Geen mooiere en comfortabeler zaal als de Theaterzaal, waar Hiele zijn kunnen mocht tonen. De Antwerpenaar staat doorgaans bekend om zijn IDM en footworkwerk, maar is een heel gevarieerde producer. De laatste keer dat ik de man aan het werk zag, bracht hij een wall of noise met analoge synths, en hij leverde ook de muziek voor de documentaire ‘Saints’. In Gent verzorgde hij de muziek bij een film van Gabriela Gonzàlez. De abstracte beelden in collagestijl, samen met olie- en inktachtige patronen en repetitieve kleisculpturen werden voorzien van een donkere muziek. Beats bleven achterwege, op de occasionele doordringende drum na, en Hiele gebruikte vooral een houtblazer (dewelke moet ik je helaas schuldig blijven) die continue tonen bracht. Naar het einde van de film toe kwam er veel meer volume in de mix, met heel luide drums en krakende analoge synths, waarbij parallellen met de soundtrack van het derde seizoen van Twin Peaks opdoken.

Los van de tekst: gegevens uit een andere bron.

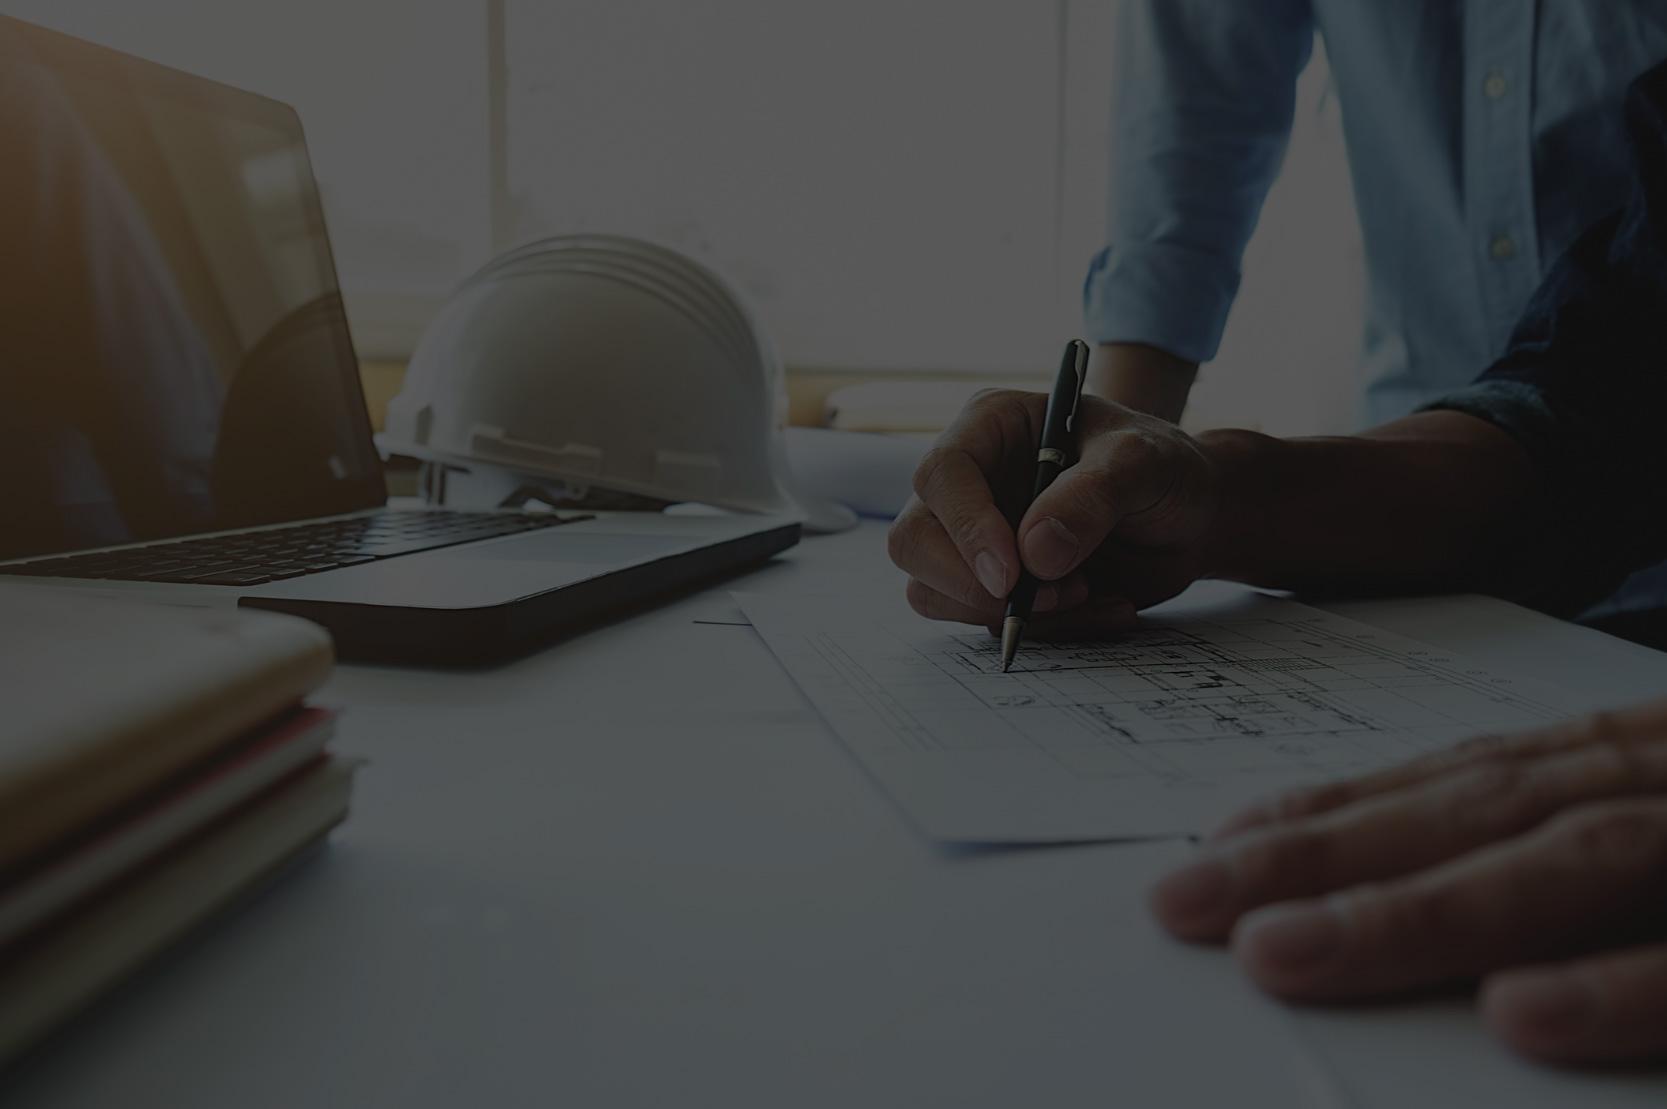 Engineering - Vi tilbyr engineering, design, fem-analyse og produktutvikling i en rekke forskjellige materialer.

De Duitse zelfverklaarde dadaïst Felix Kubin kwam zijn nog te verschijnen album ‘Takt der arbeit’ voorstellen, en had daarvoor de hulp ingeroepen van drie percussionisten. De plaat is een alternatieve soundtrack bij vijf films die hij uit het archief van de Hamburgse Metropolis Cinema plukte. Als gemeenschappelijk thema hadden ze arbeid in de brede zin van het woord (en hoe toepasselijk was het dat dit doorging in De Vooruit). De eerste film ging over een compositie voor 156 kantoormachines, die voorzien waren van een hoog tempo. Een mechanisch getik was de ruggengraat van ‘Musik für neue Büromaschinen’, dat geregeld onderbroken werd voor een heel korte en plotse opbouw, met een rinkelende telefoon als hoogtepunt. De artiesten wisten de rat race van het kantoorleven perfect te vatten.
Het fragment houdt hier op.